Illustration of definition.
Start with R1 = A(x), and proceed as follows:
R2 = (R1 - x^1)^(1/2) = 1 + x^2 + 3*x^3 + 12*x^4 + 60*x^5 + 363*x^6 + 2544*x^7 +...
R3 = (R2 - x^2)^(1/3) = 1 + x^3 + 4*x^4 + 20*x^5 + 120*x^6 + 840*x^7 +...
R4 = (R3 - x^3)^(1/4) = 1 + x^4 + 5*x^5 + 30*x^6 + 210*x^7 + 1680*x^8 +...
R5 = (R4 - x^4)^(1/5) = 1 + x^5 + 6*x^6 + 42*x^7 + 336*x^8 + 3024*x^9 +...
R6 = (R5 - x^5)^(1/6) = 1 + x^6 + 7*x^7 + 56*x^8 + 504*x^9 + 5040*x^10 +...
R7 = (R6 - x^6)^(1/7) = 1 + x^7 + 8*x^8 + 72*x^9 + 720*x^10 + 7920*x^11 +...
R8 = (R7 - x^7)^(1/8) = 1 + x^8 + 9*x^9 + 90*x^10 + 990*x^11 + 11880*x^12 +...
R9 = (R8 - x^8)^(1/9) = 1 + x^9 + 10*x^10 + 110*x^11 + 1320*x^12 + 17160*x^13 +...

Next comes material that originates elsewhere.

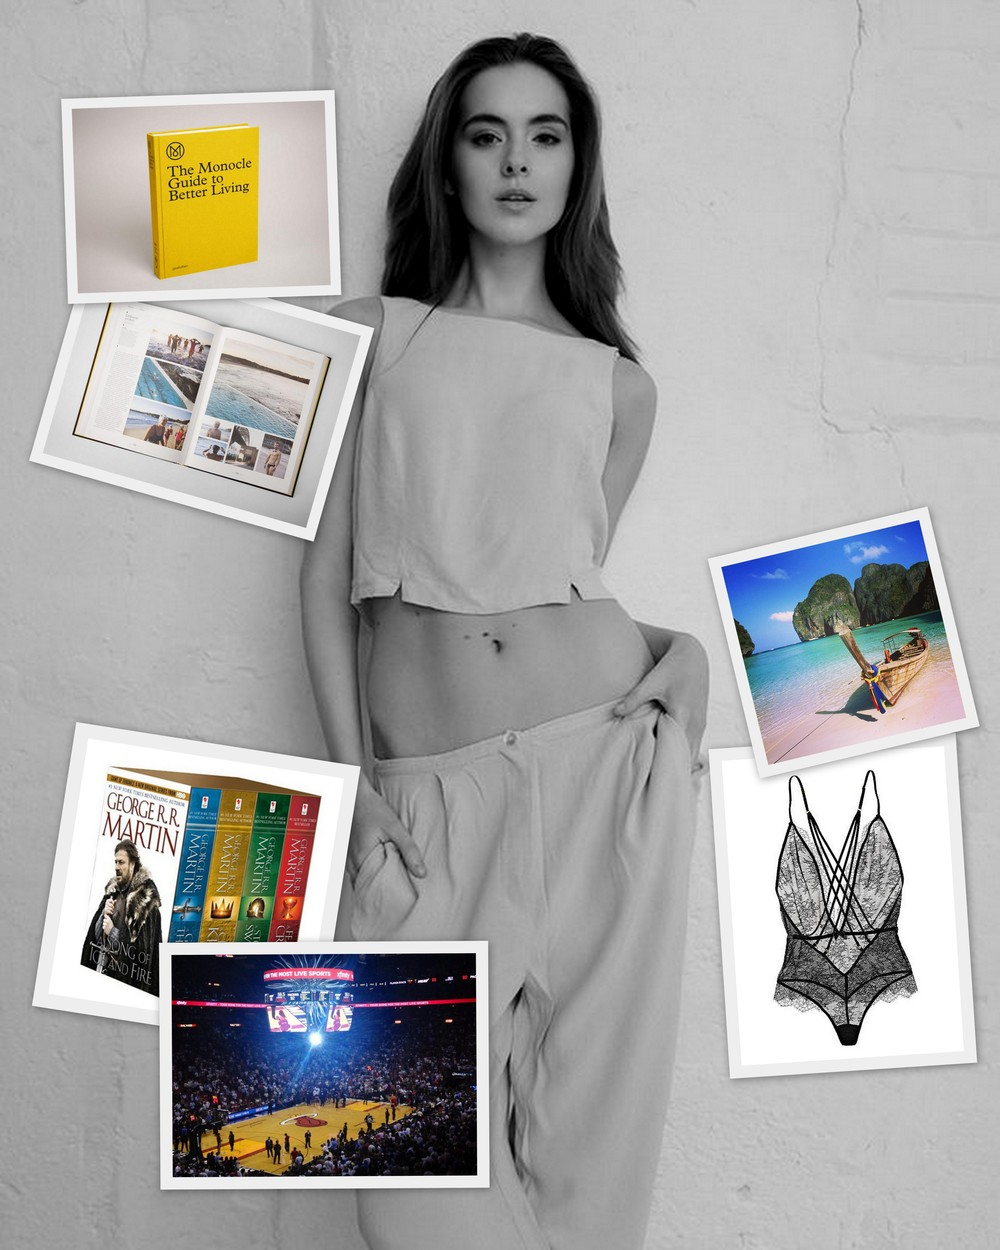 Original image of Natalia by Stefan Kolesnikowicz

etc., to approach the value 1 as a limit.
Generating Method.
The g.f. may be attained as a limit of the following process.
Start with 1, add x^n and raise that result to the n power, add x^(n-1) and raise that result to the (n-1) power, and continue until you reach x^1 to approximate the g.f. A(x).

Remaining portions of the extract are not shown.